Dont le siège est sis :
[Adresse 1]
Consistant à payer 100 % de son passif exigible – non encore définitivement arrêté par le juge-commissaire à la somme de 1 191 482.80 € à 100%, sans intérêts, sur une durée de 10 ans, moyennant des échéances annuelles progressives de :
√ 5 % la 1 ère année soit 59 574 € (4 965 € par mois)
* 8 % la 2 ème année soit 95 319 € (7 943 € par mois)
* 10.875 % de la 3 ème à la 10 ème année soit 129 574 € (10 798 € par mois) en ce non compris :
* les créances inférieures à 500€ qui bénéficient d’un règlement immédiat à savoir :
* TOTAL MARKETNIG France………………………………
* TOTAL ENERGIES ELECTRICITE ET GAZ DE France………………………………
MET FIN à la mission de [G] [C] (SELARL), représentée par Me [G] [C] en qualité de mandataire judiciaire.
DESIGNE :
[G] [C] (SELARL), représentée par Me [G] [C] Domiciliée :
[Adresse 2]
[Localité 1]
En qualité de commissaire à l’exécution du plan pour la durée prévue pour le paiement des annuités.
DIT que le commissaire à l’exécution du plan aura la mission prévue à l’article L 626.25 du code de commerce et qu’il devra faire rapport au tribunal en cas de difficultés.
En exécution du plan :
DIT que la STE INSTALLATIONS MAGASINS [Q] [F] (SAS) devra payer, dès le prononcé du présent jugement les créances inférieures à 500€ bénéficiant d’un règlement immédiat, à savoir :
•TOTAL MARKETNIG France………………………………
* TOTAL ENERGIES ELECTRICITE ET GAZ DE France………………………………

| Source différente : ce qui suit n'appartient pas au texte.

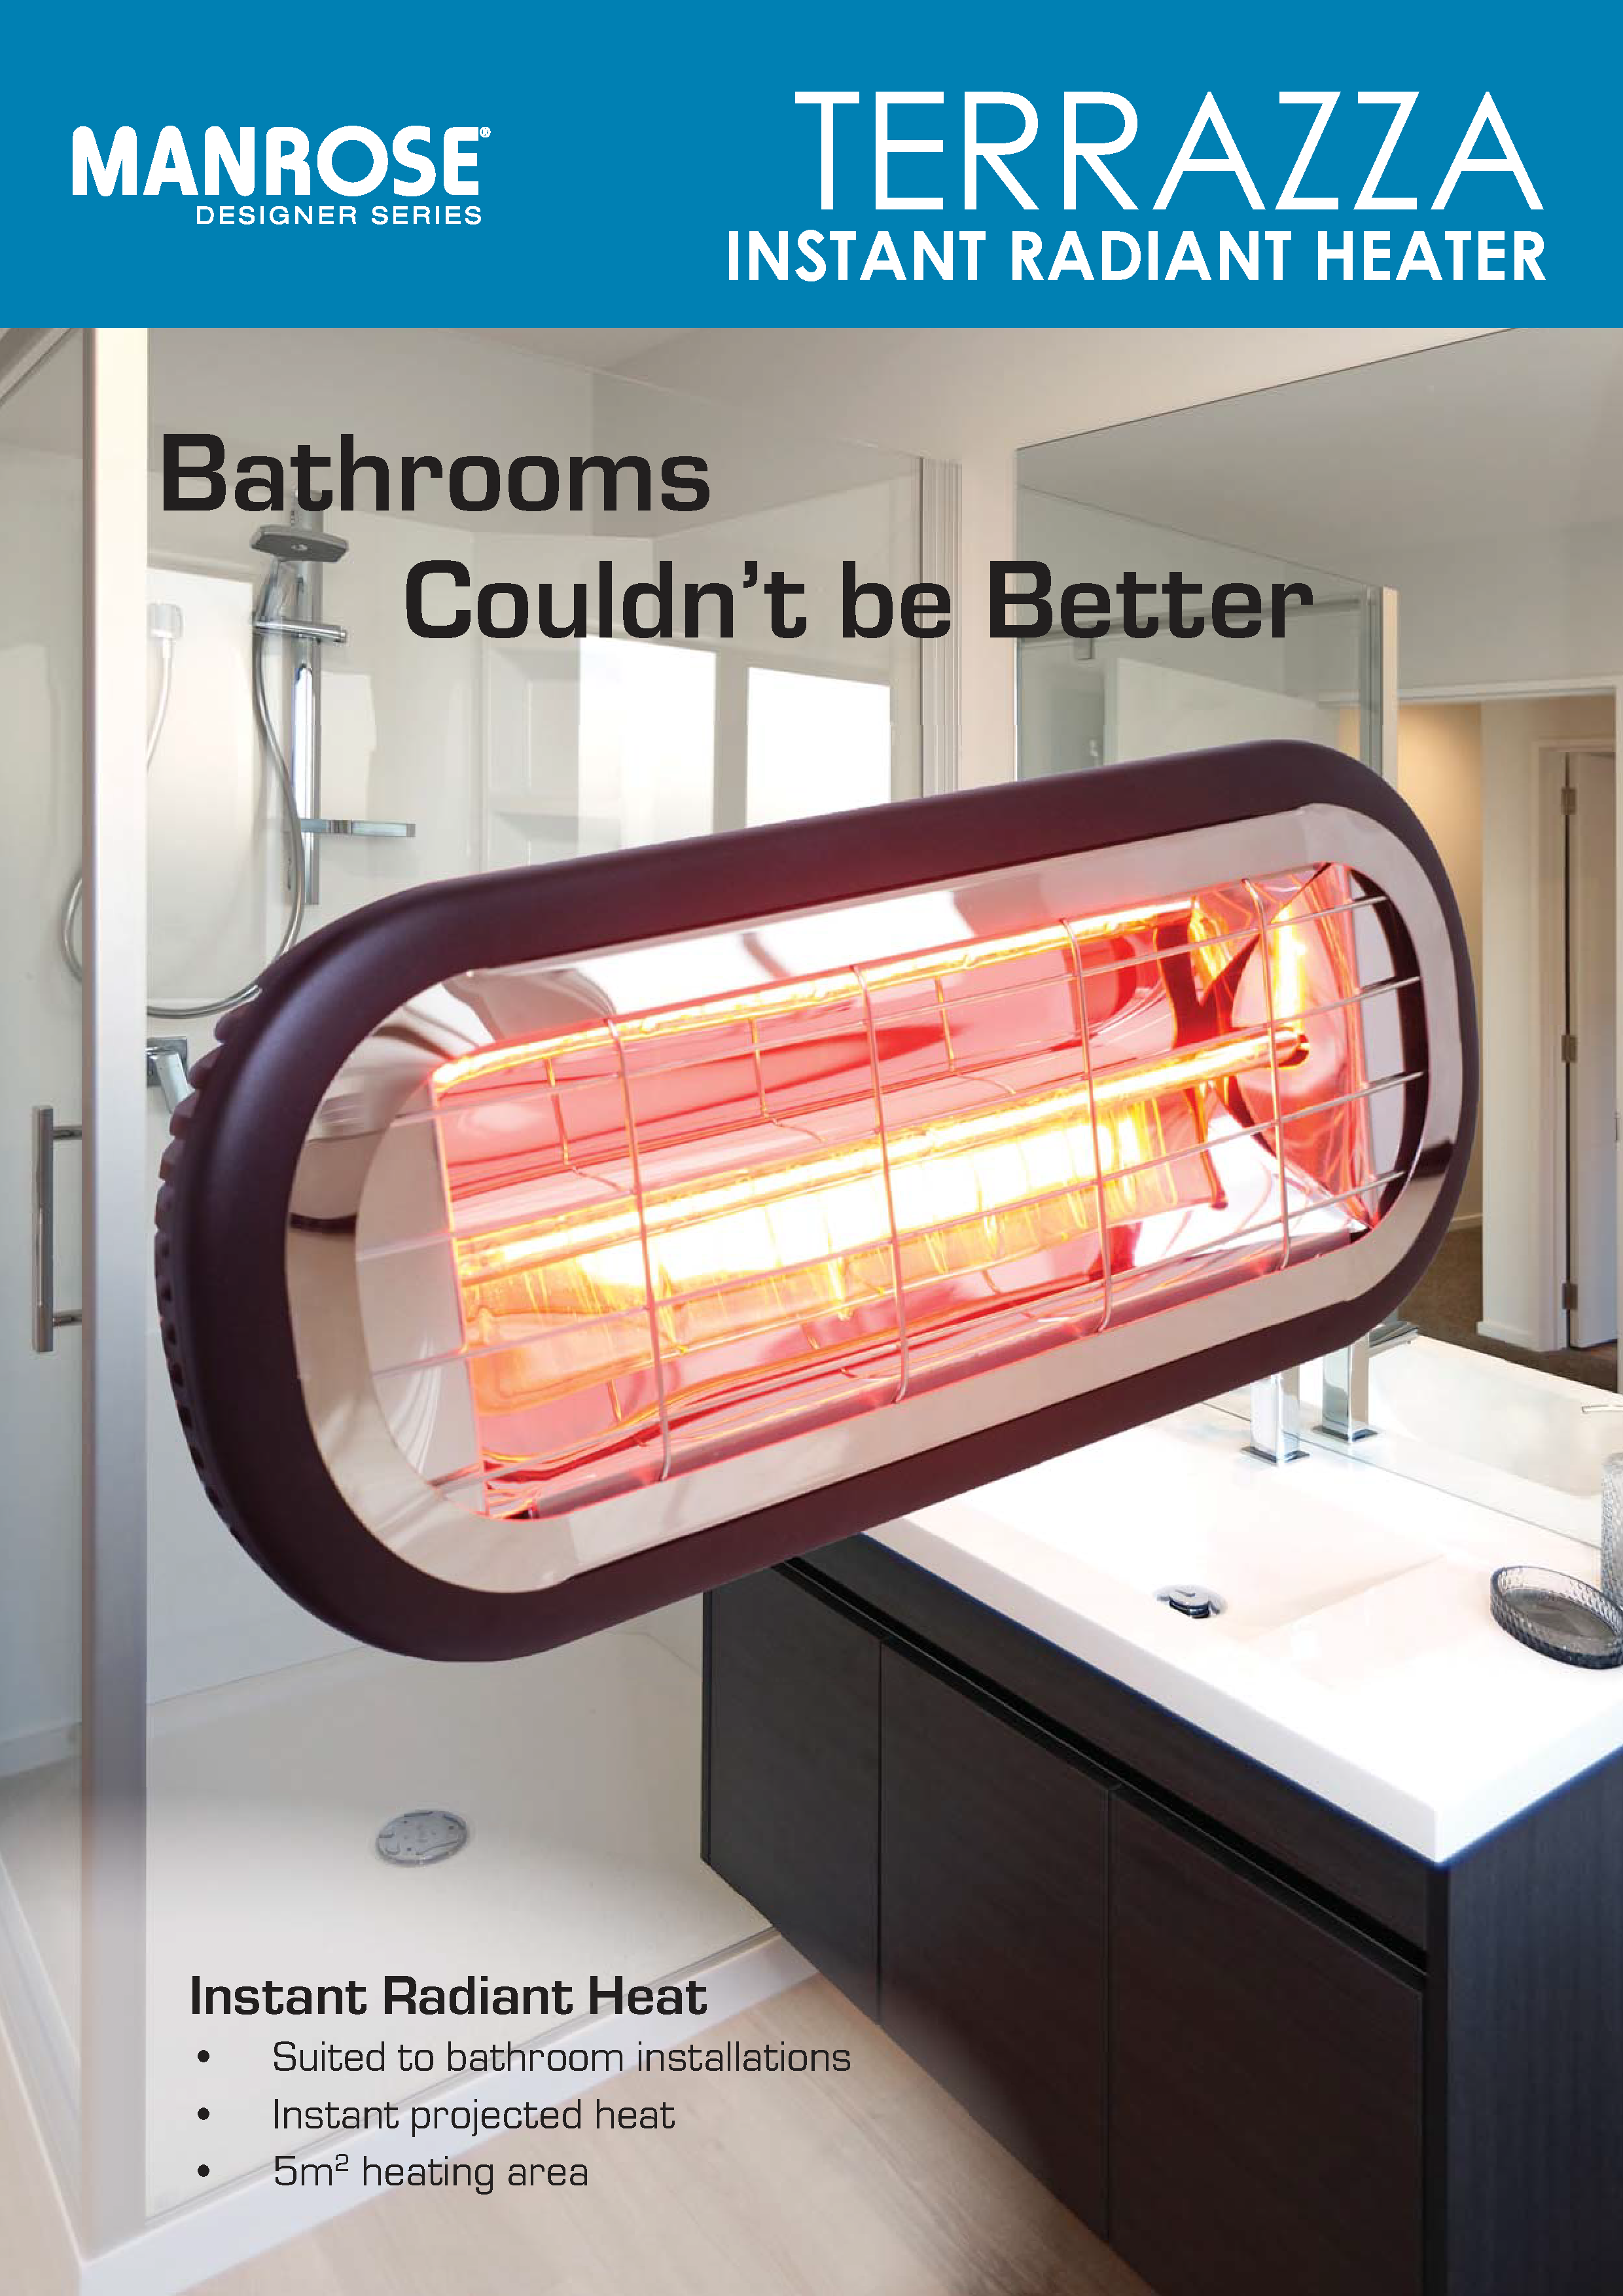 Terrazza Bathroom Radiant Heater

DIT que la STE INSTALLATIONS MAGASINS [Q] [F] (SAS) devra verser entre les mains du commissaire à l’exécution du plan sus-désigné une somme mensuelle de :
* 4 965 € la 1 ère année,
* 7 943 € la 2 ème année,
* 10 798 € de la 3 ème à la 10 ème année,
et que le commissaire à l’exécution du plan distribuera les fonds ainsi consignés et dûment complétés par la STE INSTALLATIONS MAGASINS [Q] [F] (SAS) à hauteur du montant de l’annuité au « Marc l’Euro » entre ses différents créanciers.
DIT que le premier paiement interviendra à la date anniversaire de la décision arrêtant le plan, soit le 02/04/2026, et les autres le 02/04 des neuf années suivantes.

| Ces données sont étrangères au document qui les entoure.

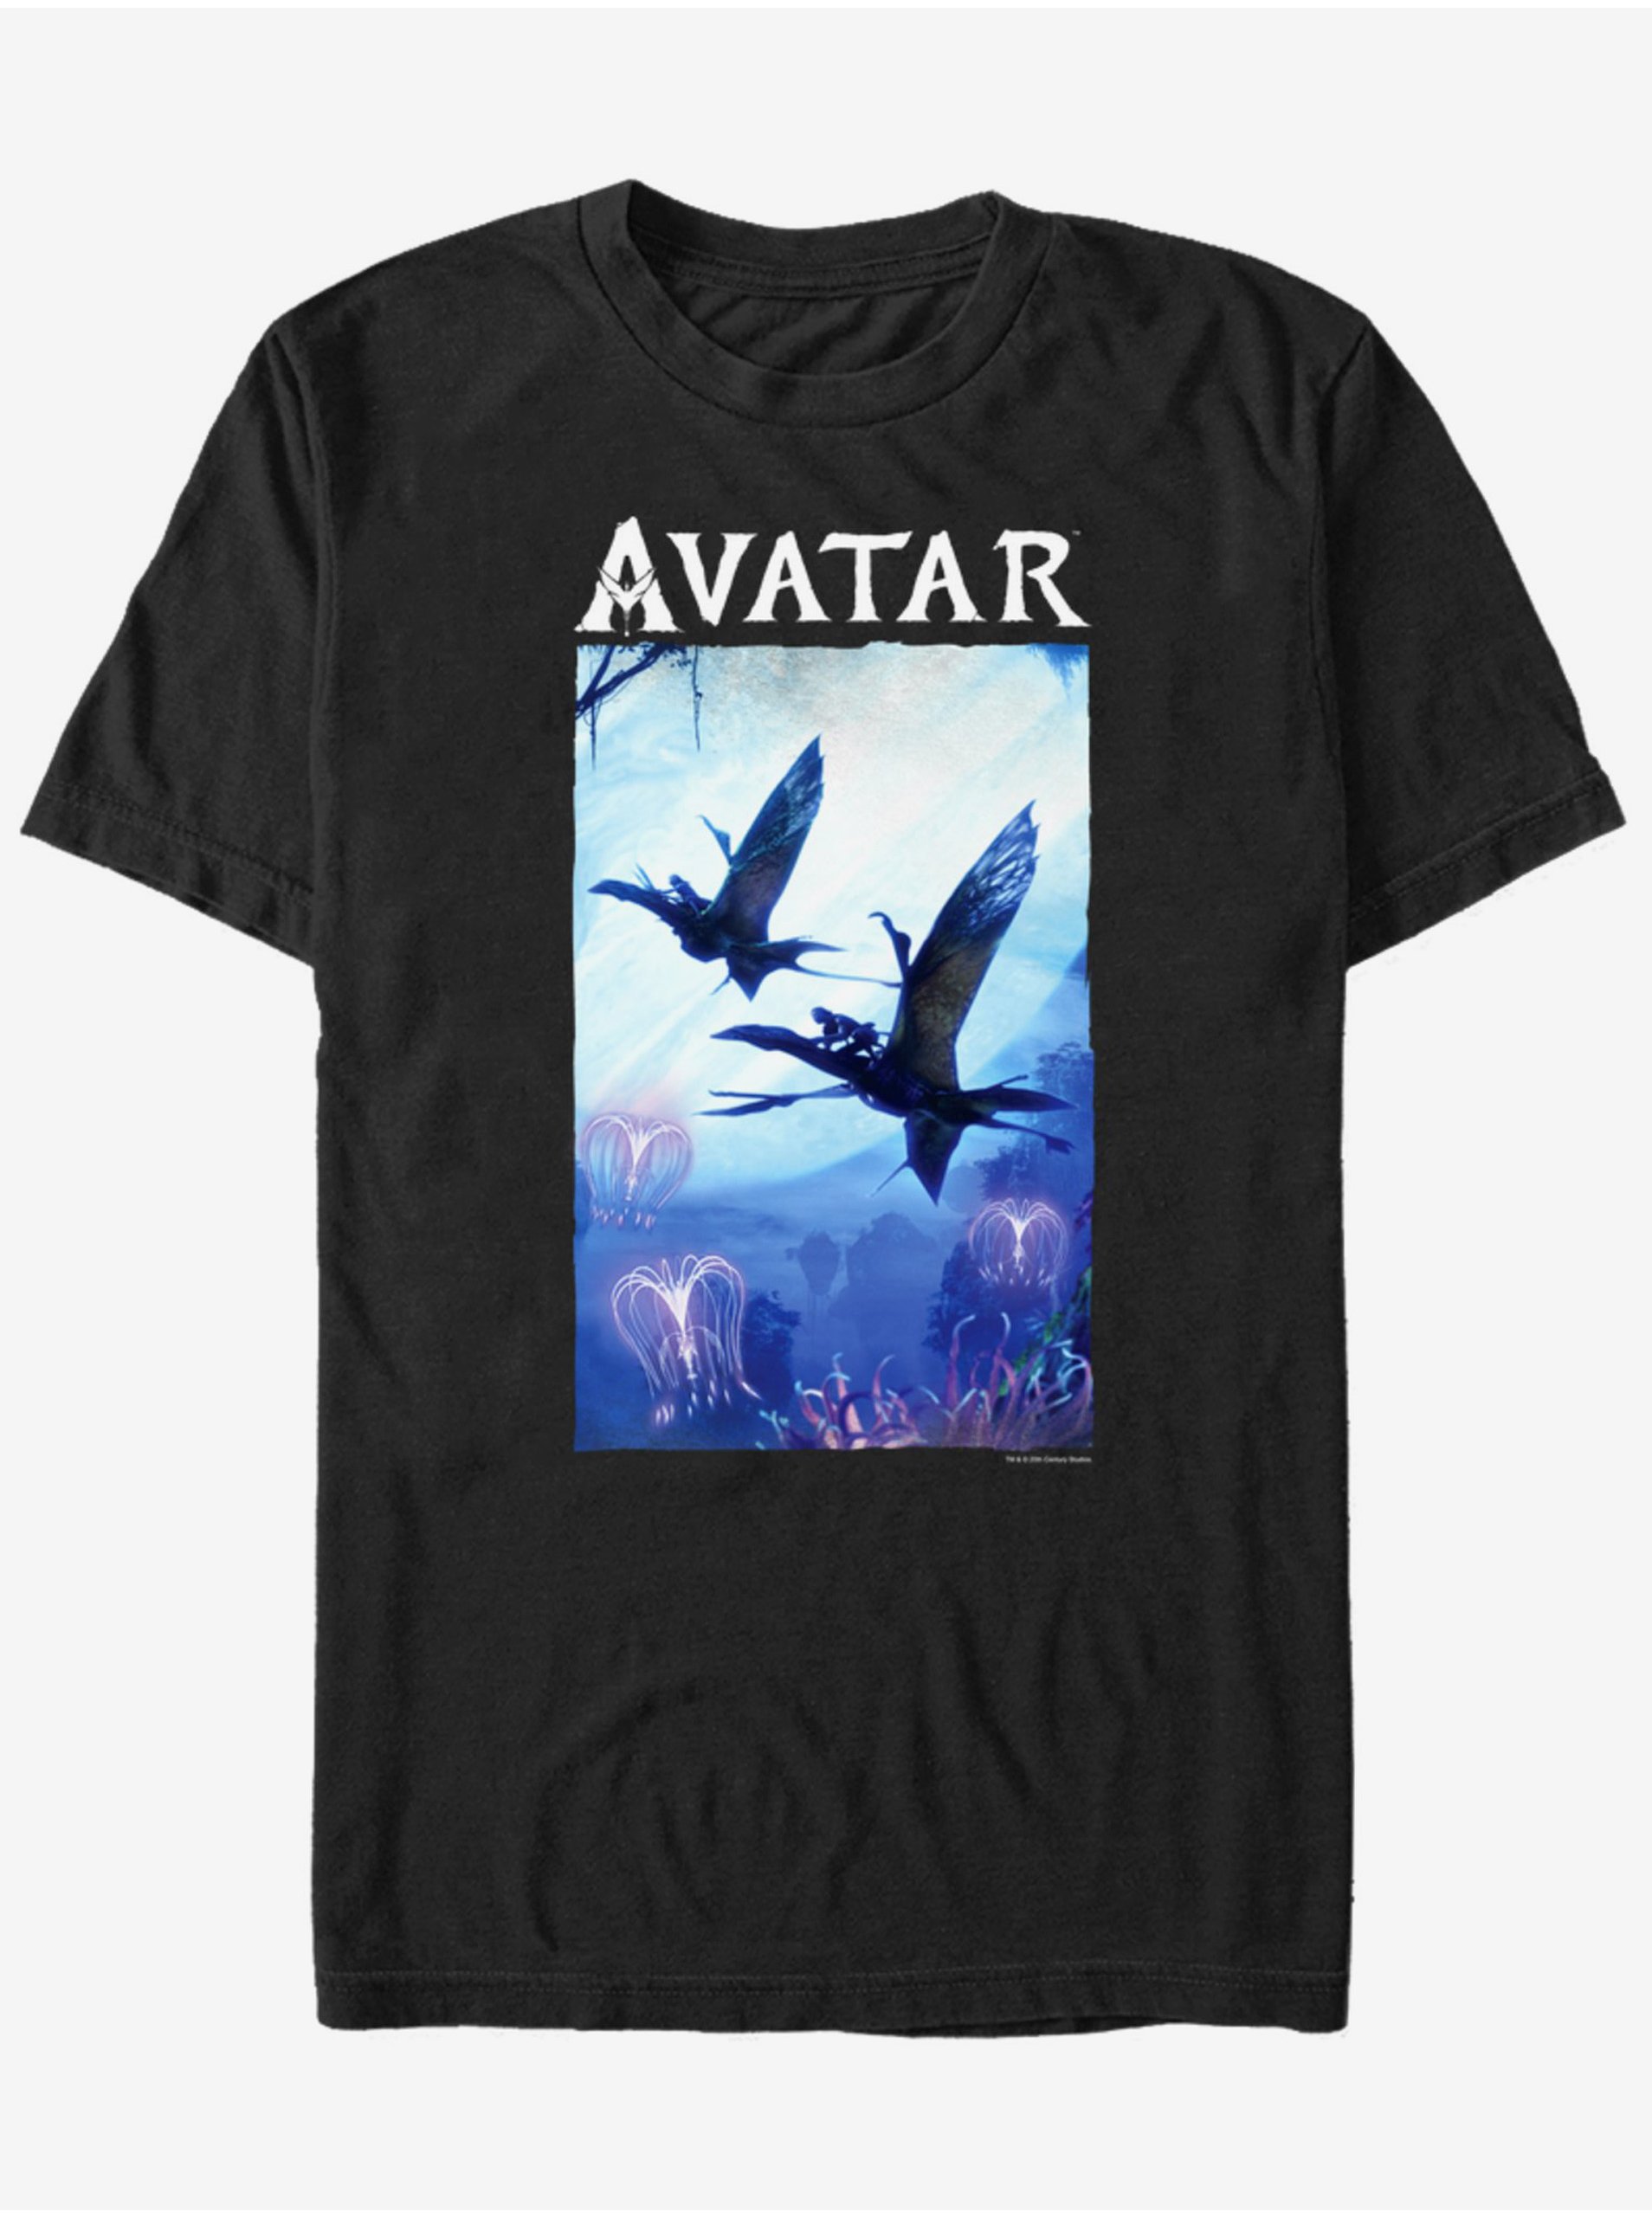 Lacno Čas ve vzduchu Avatar 2 ZOOT.FAN Twentieth Century Fox - unisex tričko

RAPPELLE que le délai fixé dans la décision susvisée ne concerne que les créances définitivement admises, que pour les créances contestées, les délais susvisés ne courront qu’à compter de la décision de Justice arrêtant définitivement cette dernière.
DIT que la clause d’inaliénabilité – conformément aux dispositions de l’article L626.14 du code de commerce – sera mentionnée à la diligence de [G] [C] (SELARL), représentée par Me [G] [C] ès qualités au greffe de notre tribunal sur tous les actifs mobiliers appartenant à la STE INSTALLATIONS MAGASINS [Q] [F] (SAS)

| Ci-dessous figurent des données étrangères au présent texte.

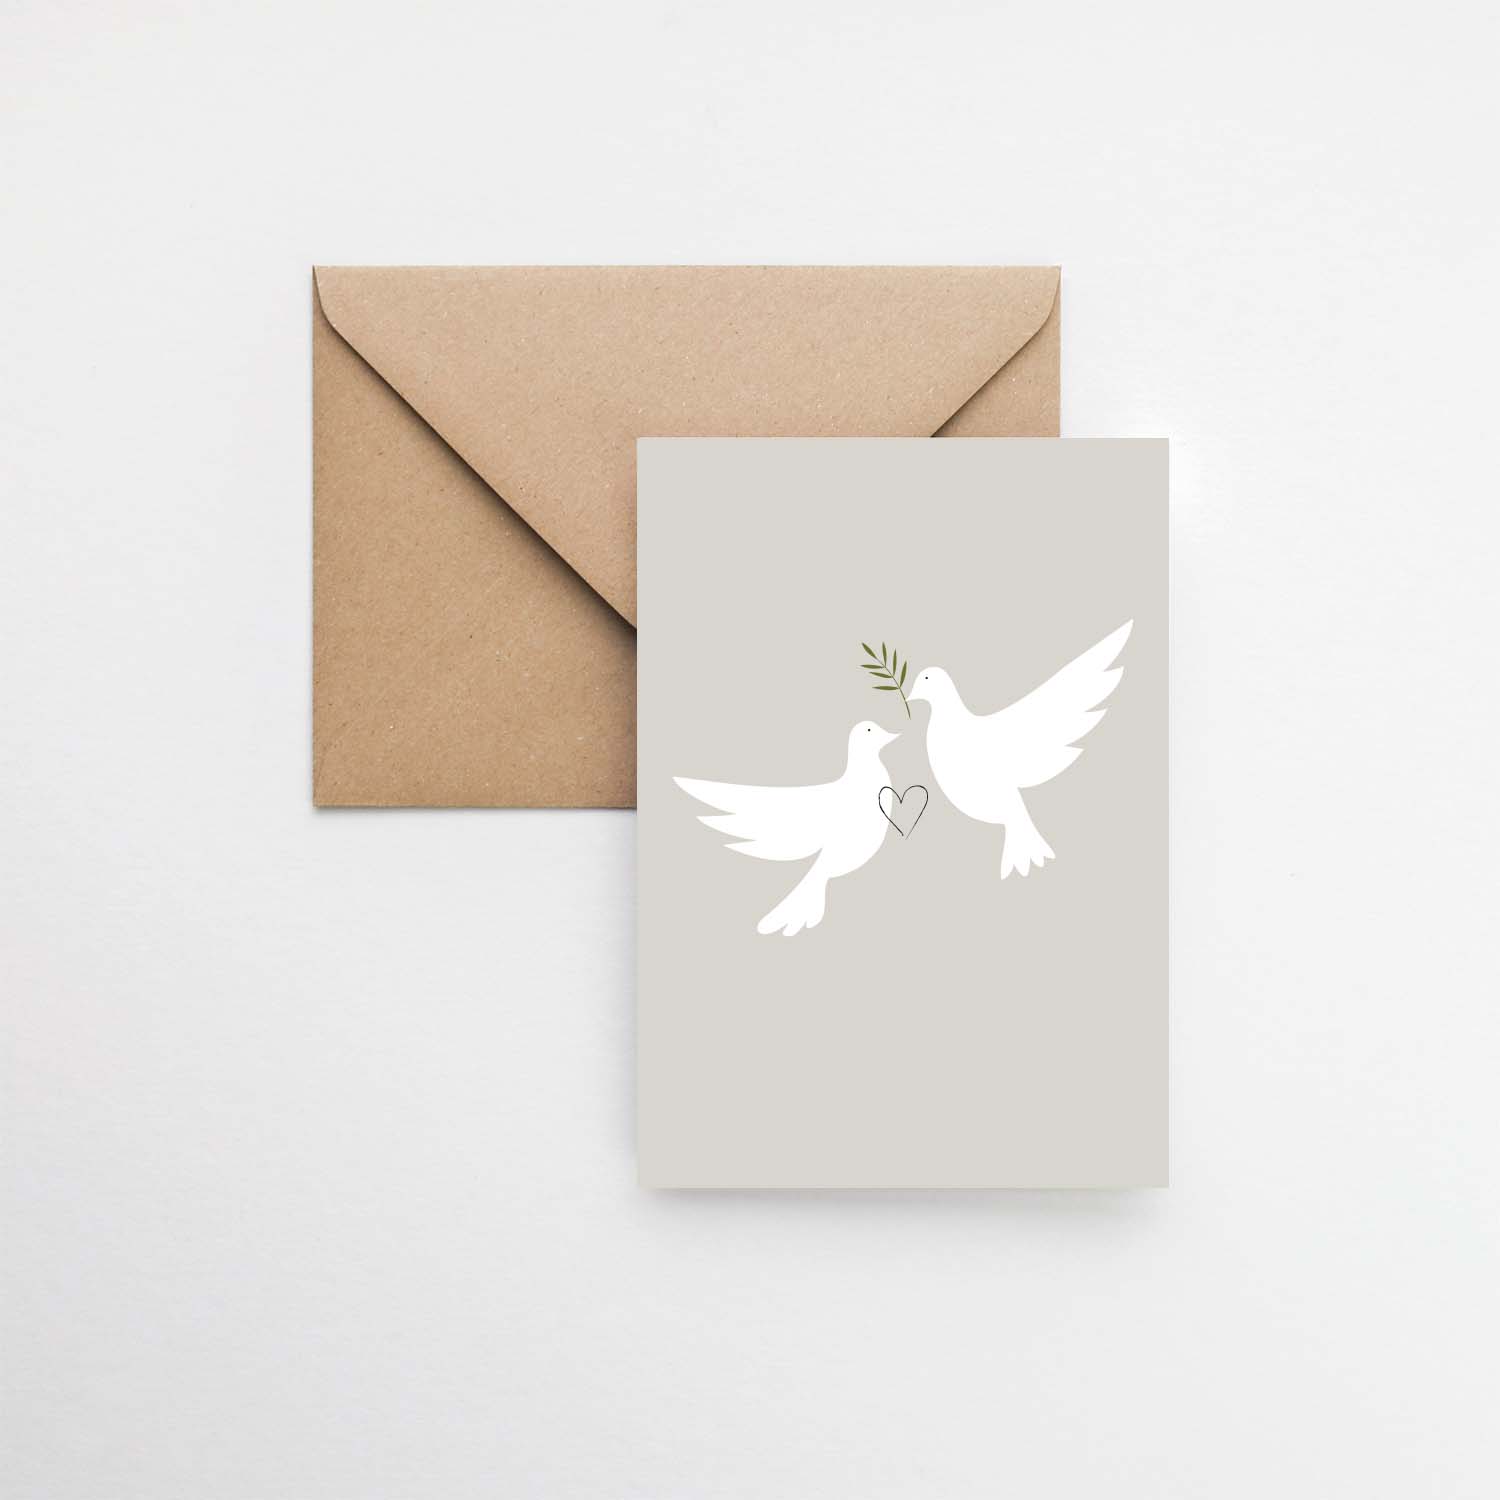 illustrated doves greeting card Elemente Design

ORDONNE la publicité légale du présent jugement.
RAPPELLE que l’exécution provisoire est de droit en matière de procédure collective.
DECLARE les dépens frais privilégiés de redressement judiciaire.
AINSI délibéré en secret et prononcé par mise à disposition au greffe du tribunal de commerce de Béziers.